## [Directions for this task]
Would you copy the listing below exactly, keeping the pictures out?

## [Exercise data]
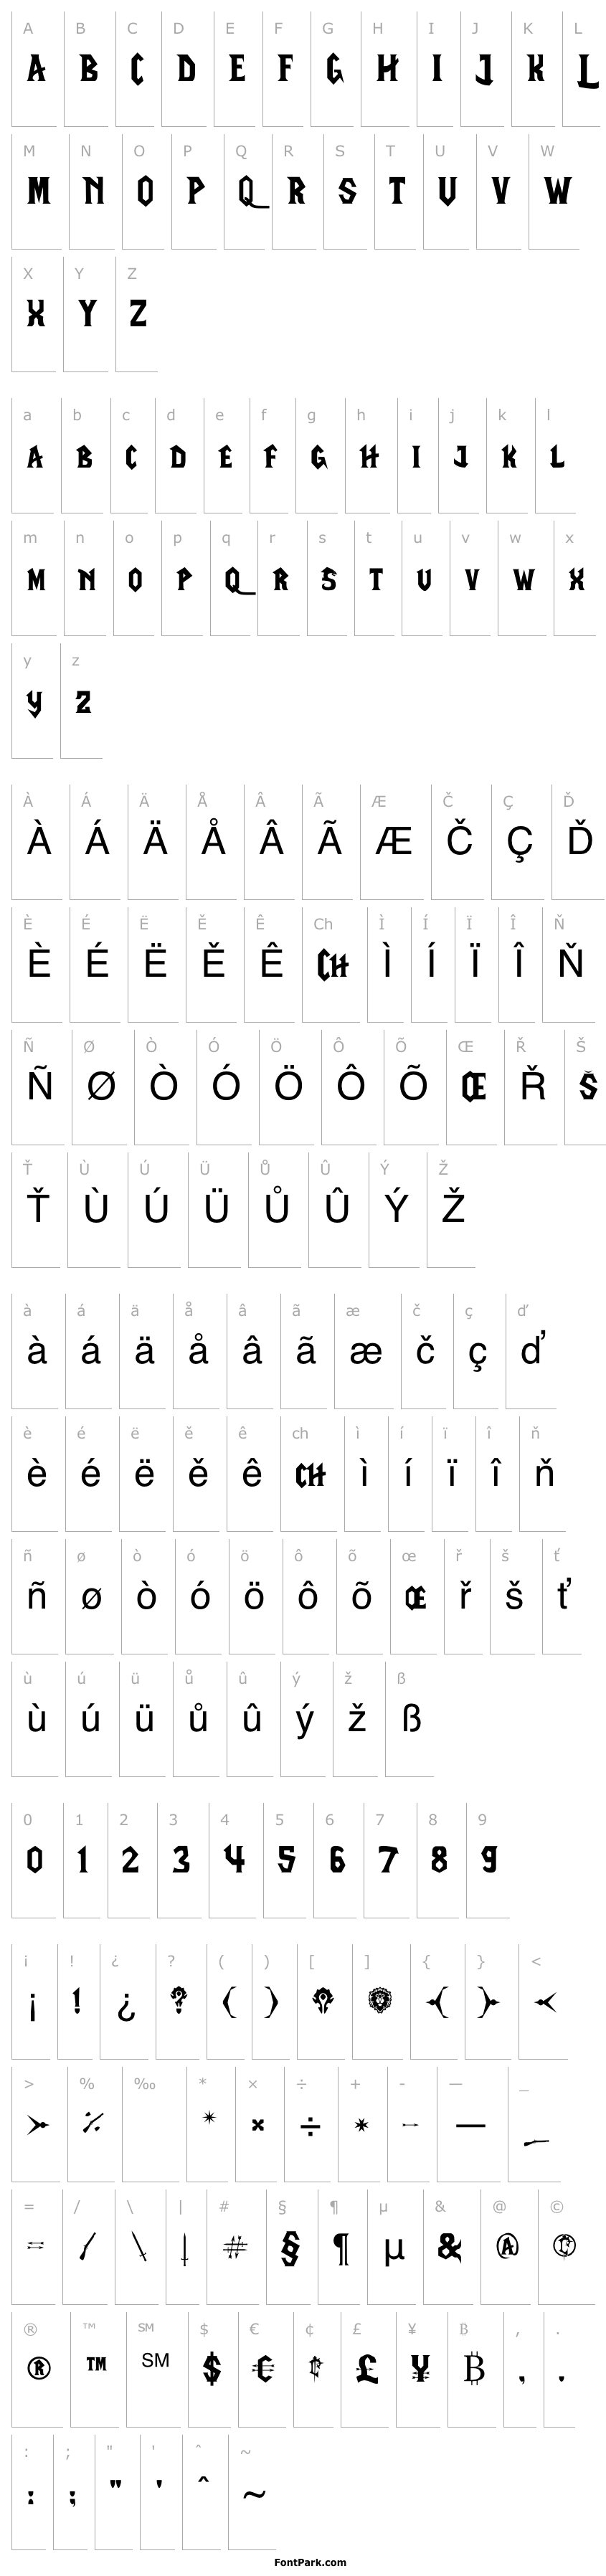 lifecraft font download
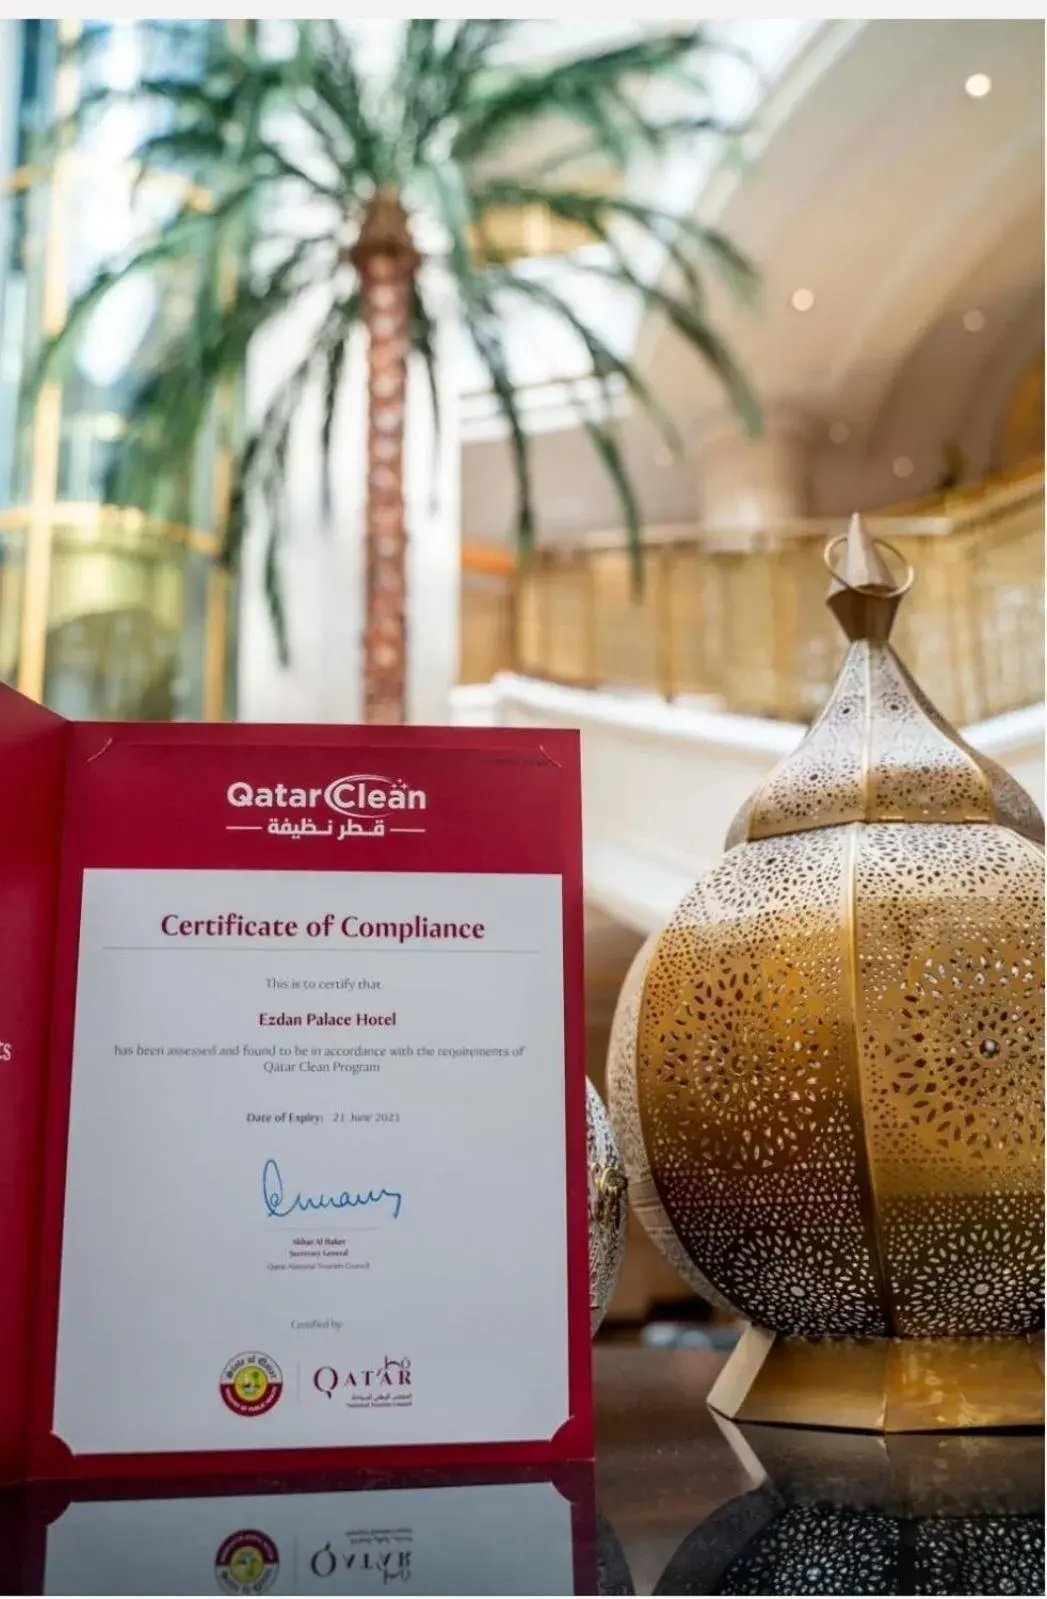 Certificate/Award in Ezdan Palace Hotel
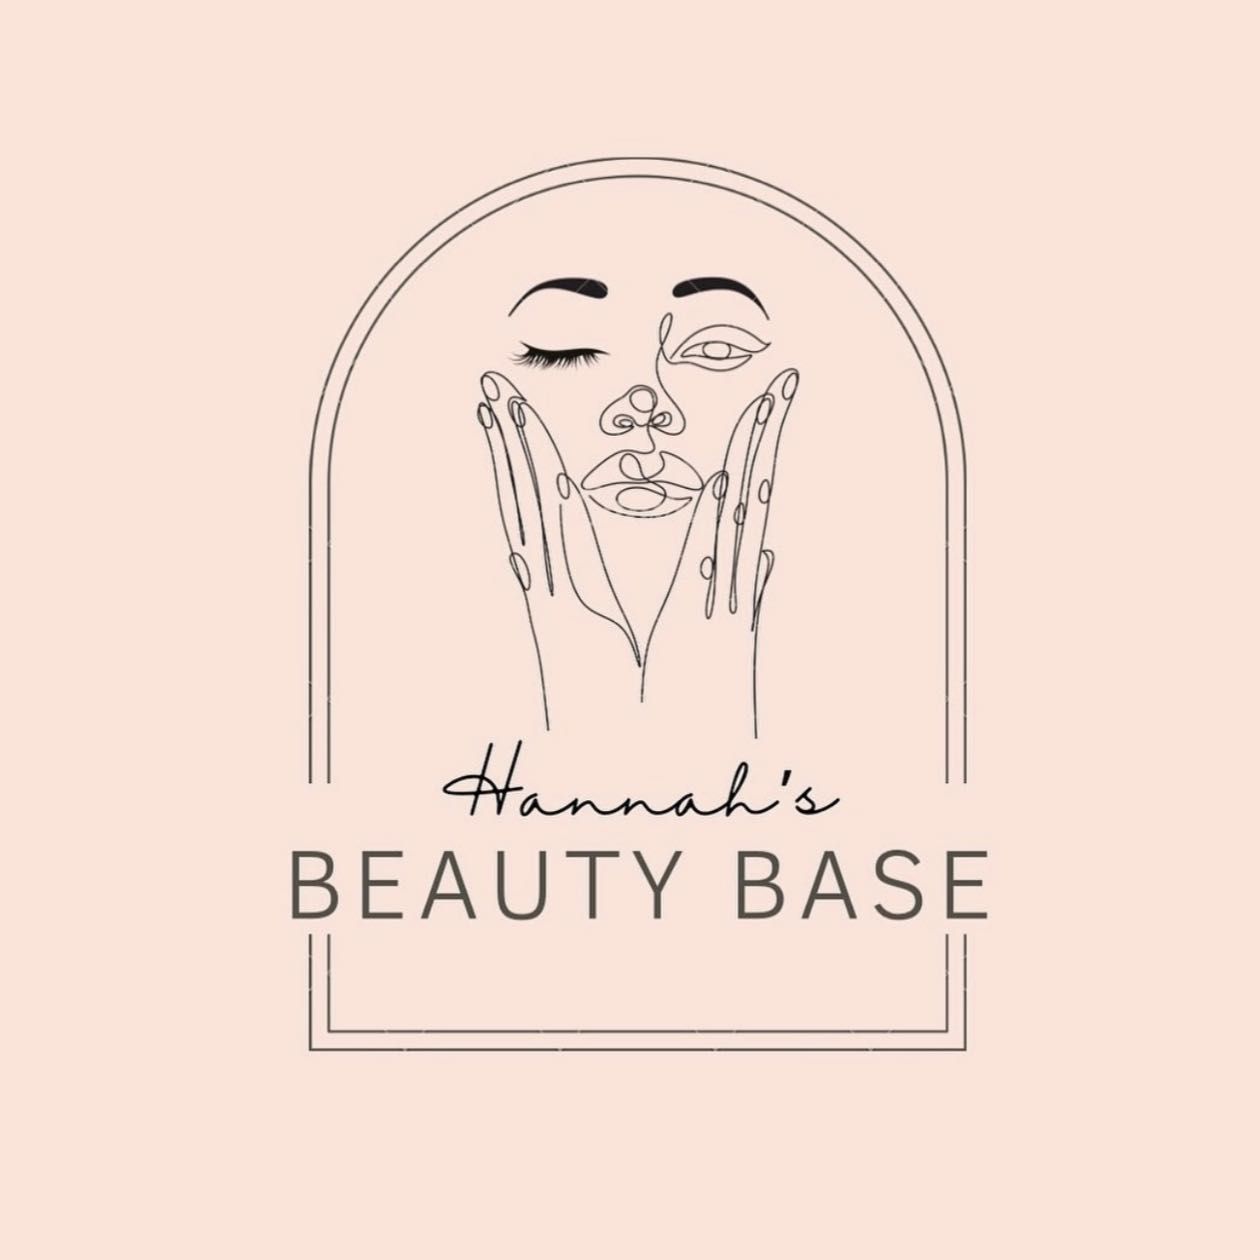 Hannah’s Beauty Base, Ynysowen Fach, Aberfan, Merthyr Tydfil

## [Response to this task]
 lifecraft font download
 Certificate/Award in Ezdan Palace Hotel
 Hannah’s Beauty Base, Ynysowen Fach, Aberfan, Merthyr Tydfil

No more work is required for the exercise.